ROOM FOR REASSURANCE

“That the casually exposed are not getting sick, it’s reassuring,” said Julie Fischer, an associate research professor of health policy at George Washington University. “What we’ve seen so far, it’s not surprising and it’s not shocking.”

That’s a good thing. This entire harrowing episode is playing out as health authorities predicted. Ebola is acting as portrayed in medical textbooks, based on nearly 40 years of research. Experts said the disease is hard to catch, that an infected person is not contagious until symptoms appear and that Ebola is spread by close contact with bodily fluids such as blood, sweat and saliva.

No evidence points to anything else.

“Ebola is not a terribly infectious disease,” said Joel Selanikio, a former U.S. Centers for Disease Control and Prevention (CDC) epidemiologist. “It’s quite difficult to get.”

The fear behind Ebola is massive. But the virus does not appear to be any more virulent than in previous outbreaks, experts say. Doomsday predictions of Ebola mutating and becoming airborne like the flu have not played out. The “airborne” discussion has frustrated many scientists, such as Heather Lander, who holds a doctorate in experimental pathology and worked in high-security labs with Ebola. It led her to start a blog called Pathogen Perspectives, which delves into the myths and realities of the disease.

“We know how this is spread,” said Lander of Galveston, Texas, and those paths have not changed. “So far, what we’re seeing absolutely reaffirms what we were expecting to see.”

‘BREACH IN PROTOCOL’

Pham, the nurse at Texas Health Presbyterian Hospital, was infected despite taking every precaution. But she also cared for Duncan during a hospital stay that included dialysis and time on a ventilator. As the disease progressed, Duncan became increasingly contagious. The viral load grew. Invasive medical procedures are known to increase the hazards to health care workers.

“These are high-risk procedures,” Fischer said.

CDC director Tom Frieden said Sunday that a “breach in protocol resulted in this infection,” a comment met by criticism because it sounded like he was blaming Pham.
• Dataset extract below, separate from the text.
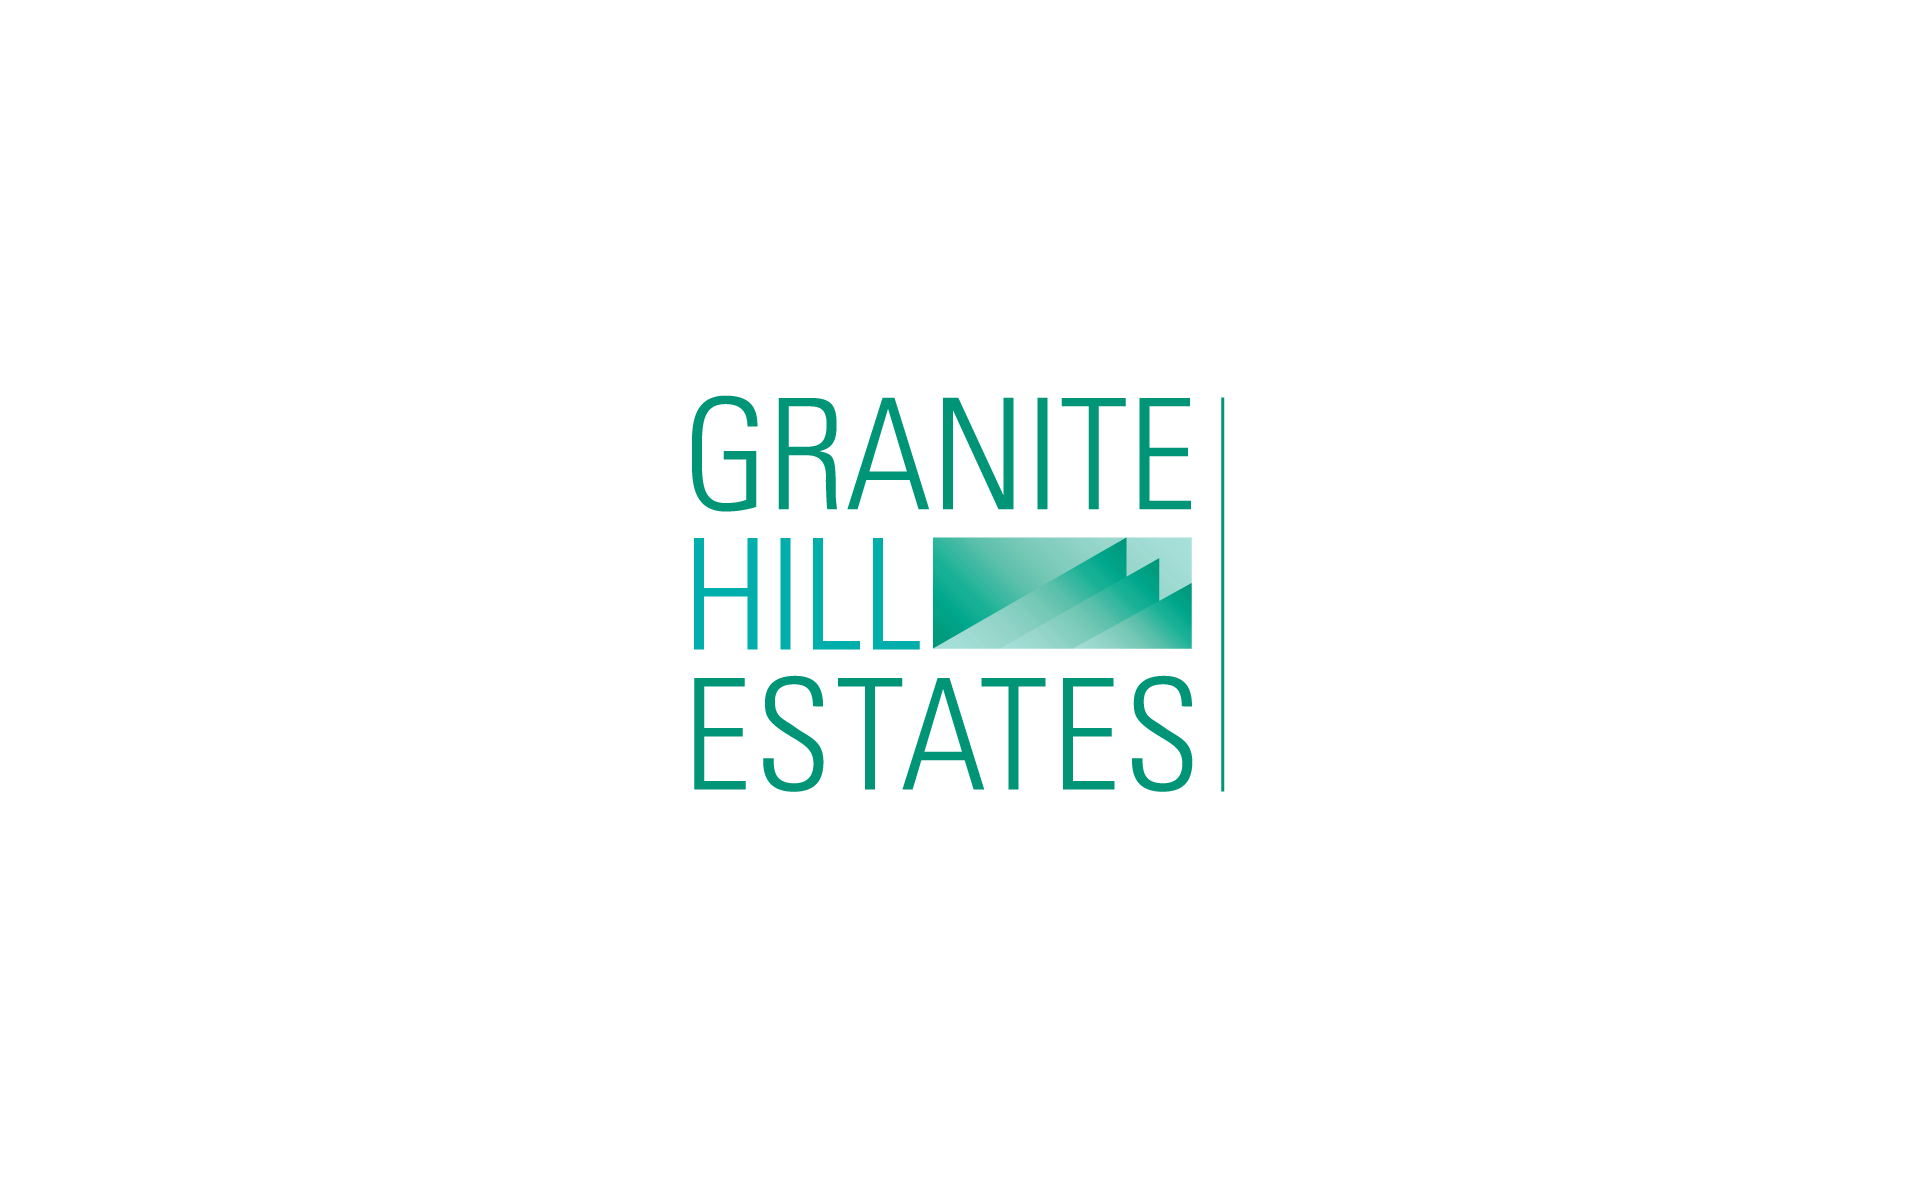 Granite Hill Estates Identity

But some health officials saw Frieden’s comment as a way of tamping down fear about a novel infection route.

“This is not an unknown, inexplicable action by the virus,” Fischer said.
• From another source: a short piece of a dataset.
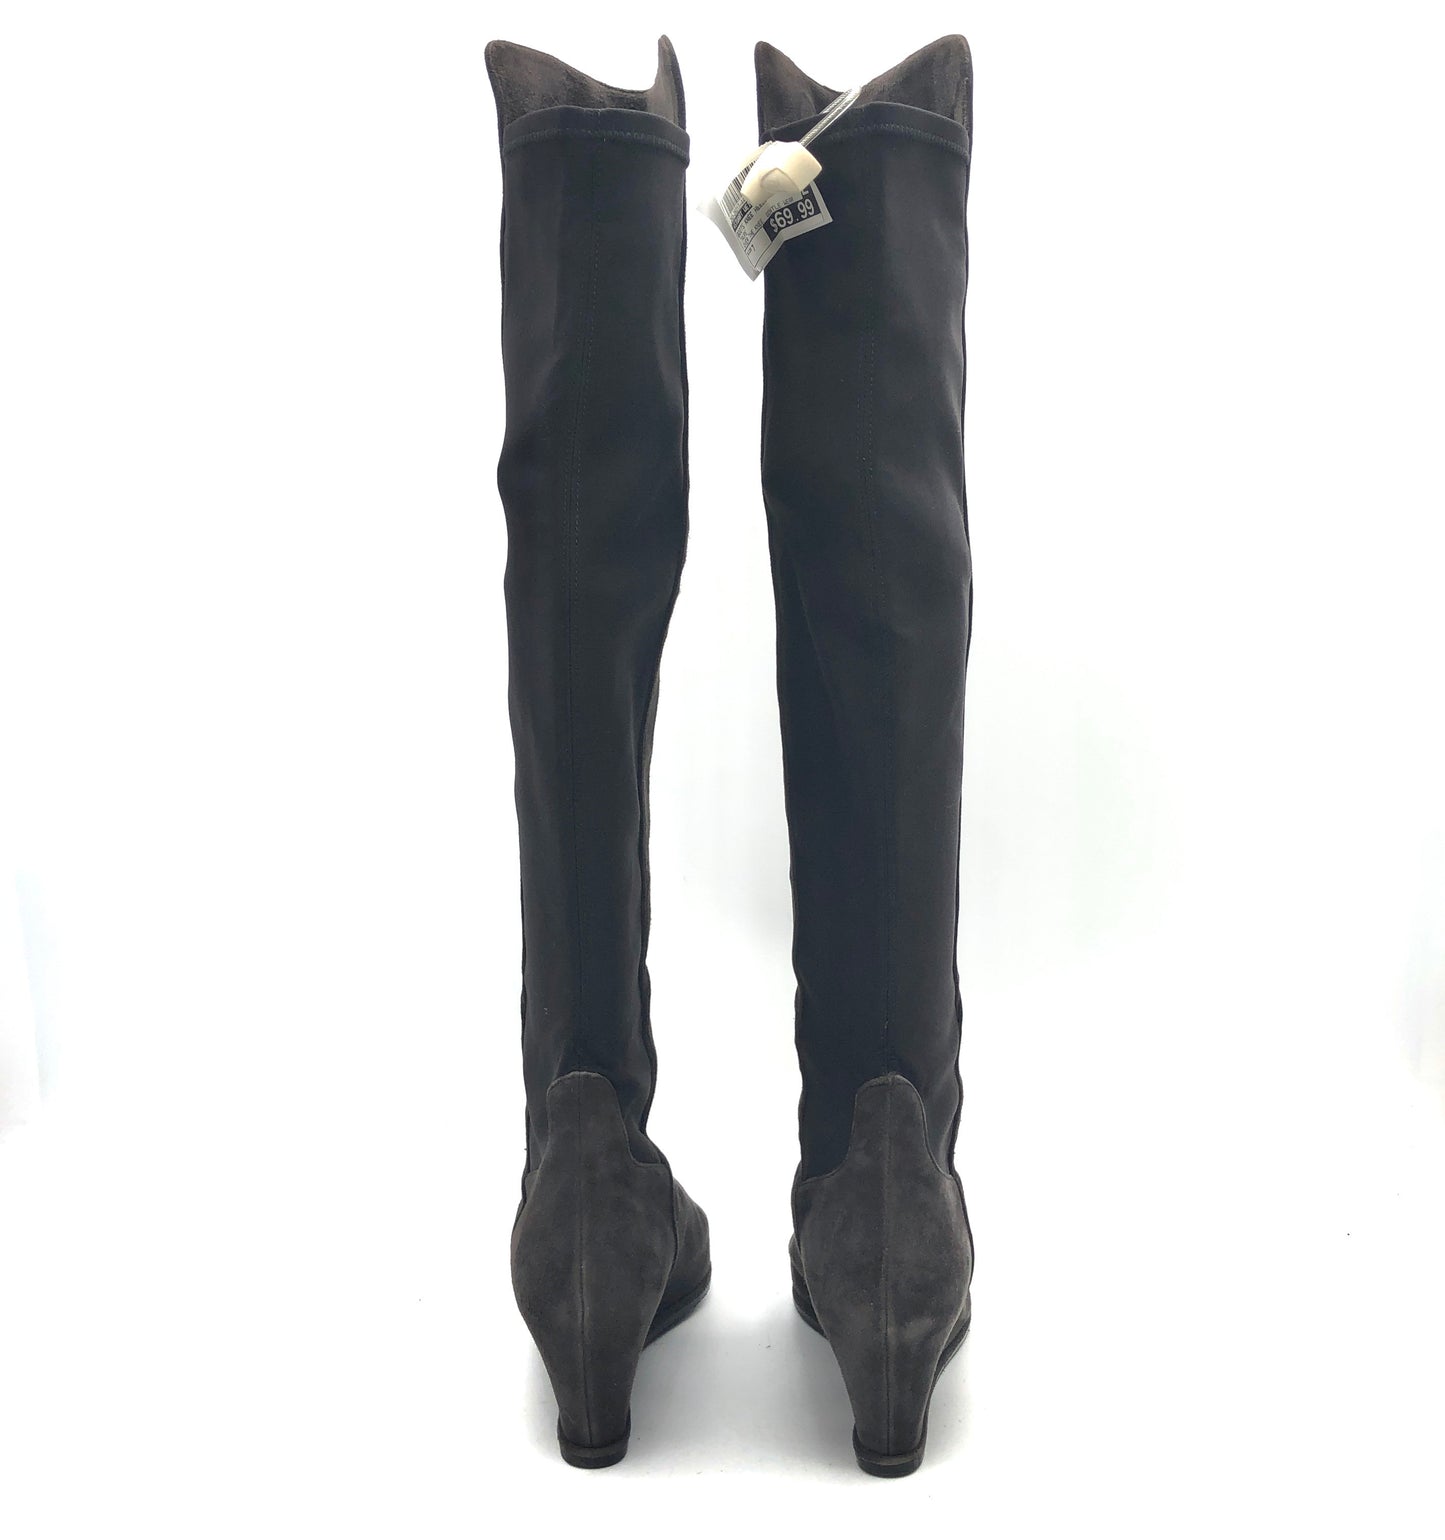 Boots Knee Heels By Stuart Weitzman  Size: 7

Even taking every precaution, things can go wrong. And the margin of error with Ebola is small.

All of this confidence, however, is built on the expectation that the virus continues to act like its historical self.

Pham now faces a fight against the disease. Other hospital workers will need to monitor themselves for symptoms of Ebola until at least Oct. 29, 21 days after Duncan died.

But that window of worry is closing for the group of nearly 50 people who had contact with Duncan before he was admitted to the hospital on Sept. 28. Their 21 days are up Oct. 19, less than a week away.

Considering that the bulk of infections appear in the first 10 to 12 days after exposure, that could be reassuring.